To find the center of curvature at D, assume the crank pin A to have a velocity Aa. Then, since the rod is at that instant turning about the farther end A', we will have Dd for the motion of D. The instantaneous axis of the connecting rod is found by drawing perpendiculars to the directions of the simultaneous motions of its two ends, and it therefore falls at A', in the present position. But the perpendicular to the motion of the crank pin is the line of the crank itself, and consequently is revolving about O with an angular velocity represented by AOa. The motion of A' is in the direction A'B', but its velocity at the instant is zero. Hence, drawing a vertical line at A', limited by the prolongation of aO, we have A'a' for the motion of the instantaneous axis. Therefore, by drawing a'd, cutting the normal at x, we determine Dx, the radius of curvature.
Placing the crank in the opposite position OB, we find by a construction precisely similar to the above, the radius of curvature Ez at the other extremity of the axis of the curve. It will at once be seen that Ez is less than Dx, and that since the normal at P is vertical and infinite, the evolute of DPE will consist of two branches xN, zM, to which the vertical normal PL is a common asymptote. These two branches will not be similar, nor is the curve itself symmetrical with respect to PL or to any transverse line; all of which peculiarities characterize it as something quite different from the ellipse.
FIG. 23.
FIG. 24.
FIG. 25.
Moreover, in Fig. 22, the locus of the instantaneous axis of the trammel bar (of which the part EH corresponds to the connecting rod, when a crank OH is added to the elliptograph there discussed) was found to be a circle. But in the present case this locus is very different. Beginning at A', the instantaneous axis moves downward and to the right, as the crank travels from A in the direction of the arrow, until it becomes vertical, when the axis will be found upon C'R, at an infinite distance below AB', the locus for this quarter of the revolution being a curve A'G, to which C'R is an asymptote. After the crank pin passes C, the axis will be found above AB' and to the right of C'R, moving in a curve HB', which is the locus for the second quadrant. Since the path of P is symmetrical with respect to DE, the completion of the revolution will result in the formation of two other curves, continuous and symmetrical with those above described, the whole appearing as in Fig. 24, the vertical line through C' being a common asymptote.

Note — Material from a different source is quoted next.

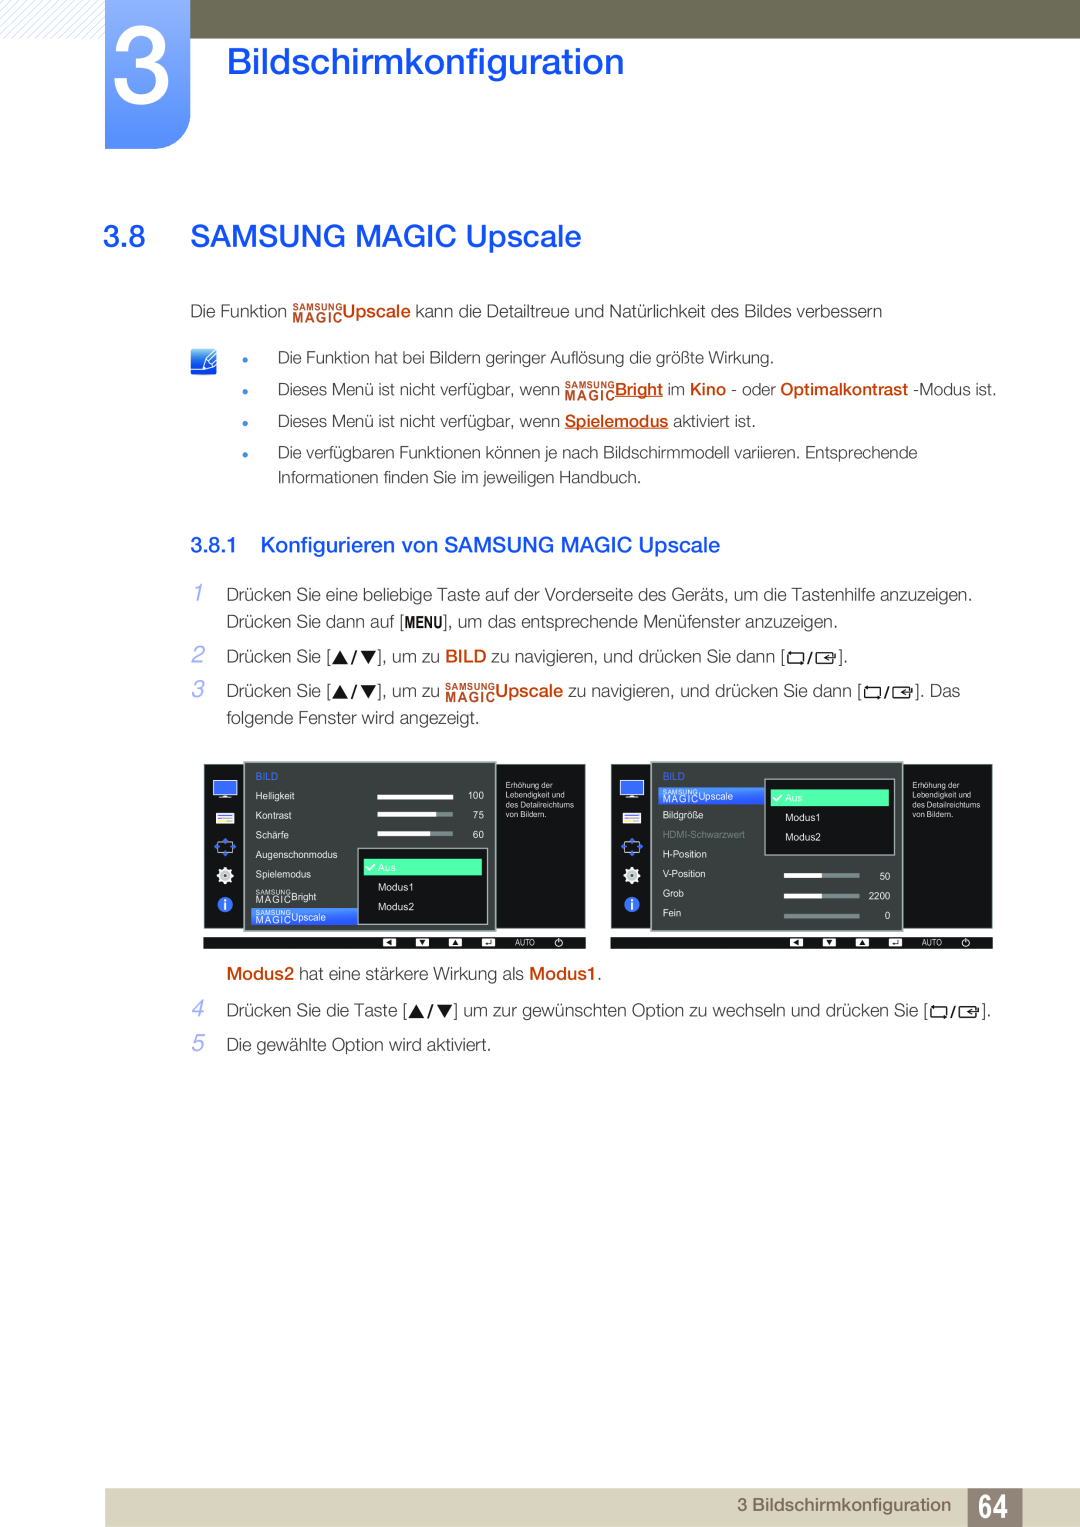 Samsung LS24E65KBWV/EN, LS23E65UDC/EN, LS24E45UDLC/EN Konfigurieren von SAMSUNG MAGIC Upscale, Bildschirmkonfiguration 
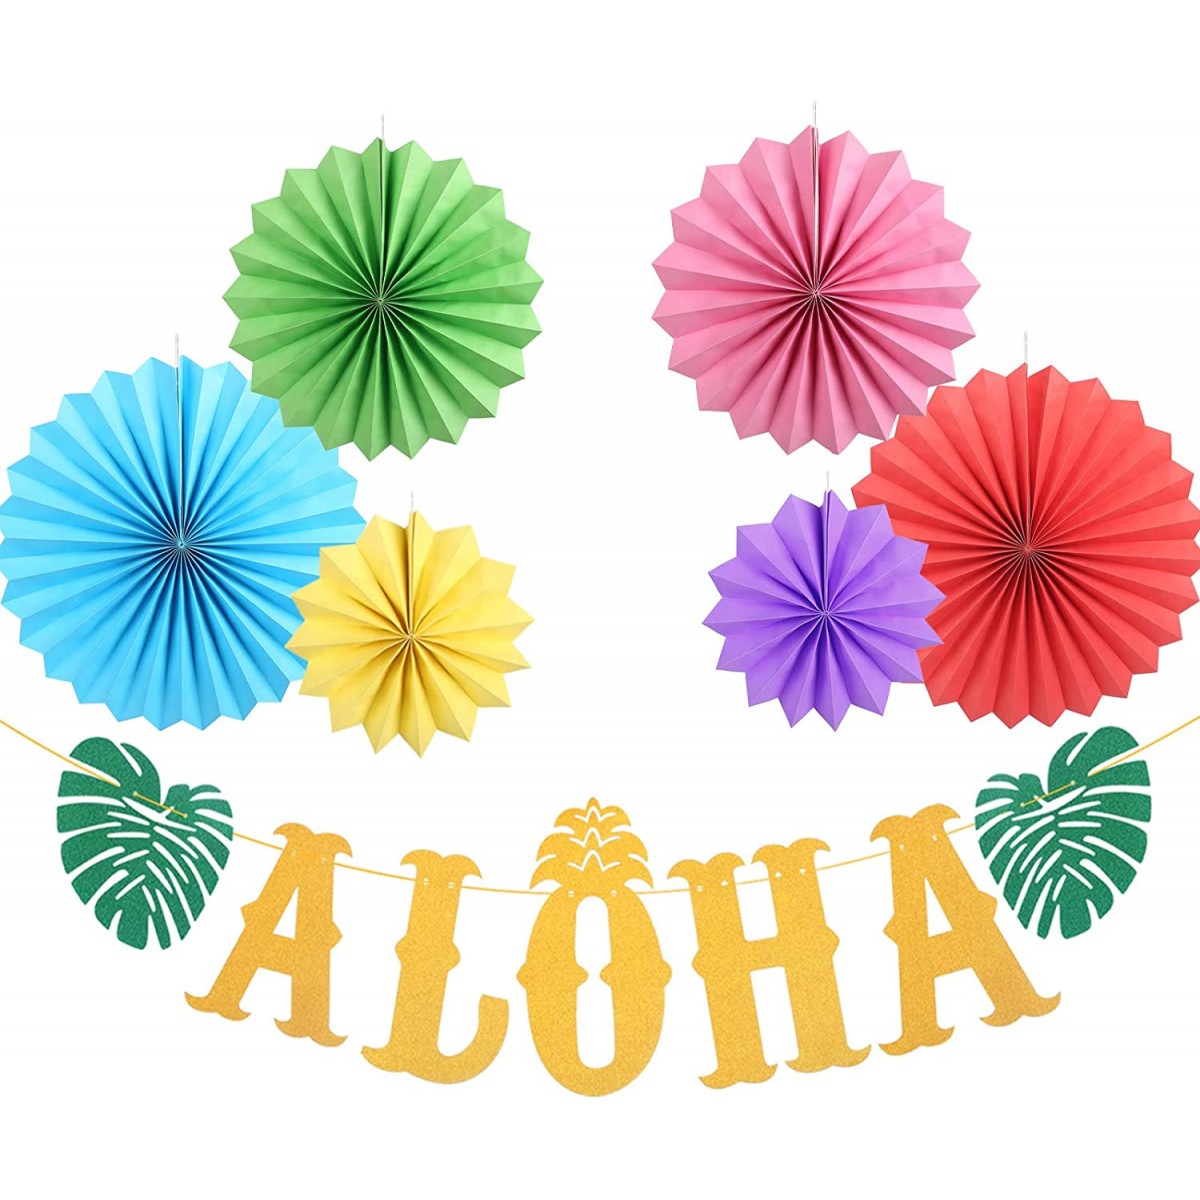 Festone Aloha e ventagli a nido d'ape, decorazioni festa Hawaiana

In order to find the radius of curvature at any point on the generated curve, it is necessary to find not only the location of the instantaneous axis, but its motion. This is done as shown in Fig. 25. P being the given point, CD is the corresponding position of the connecting rod, OC that of the crank. Draw through D a perpendicular to OD, produce OC to cut it in E, the instantaneous axis. Assume C A perpendicular to OC, as the motion of the crank. Then the point E in OC produced will have the motion EF perpendicular to OE, of a magnitude determined by producing OA to cut this perpendicular in F. But since the intersection E of the crank produced is to be with a vertical line through the other end of the rod, the instantaneous axis has a motion which, so far as it depends upon the movement of C only, is in the direction DE. Therefore EF is a component, whose resultant EG is found by drawing FG perpendicular to EF. Now D is moving to the left with a velocity which may be determined either by drawing through A a perpendicular to CD, and through C a horizontal line to cut this perpendicular in H, or by making the angle DEI equal to the angle CEA, giving on DO the distance DI, equal to CH. Make EK = DI or CH, complete the rectangle KEGL, and its diagonal ES is, finally, the motion of the instantaneous axis.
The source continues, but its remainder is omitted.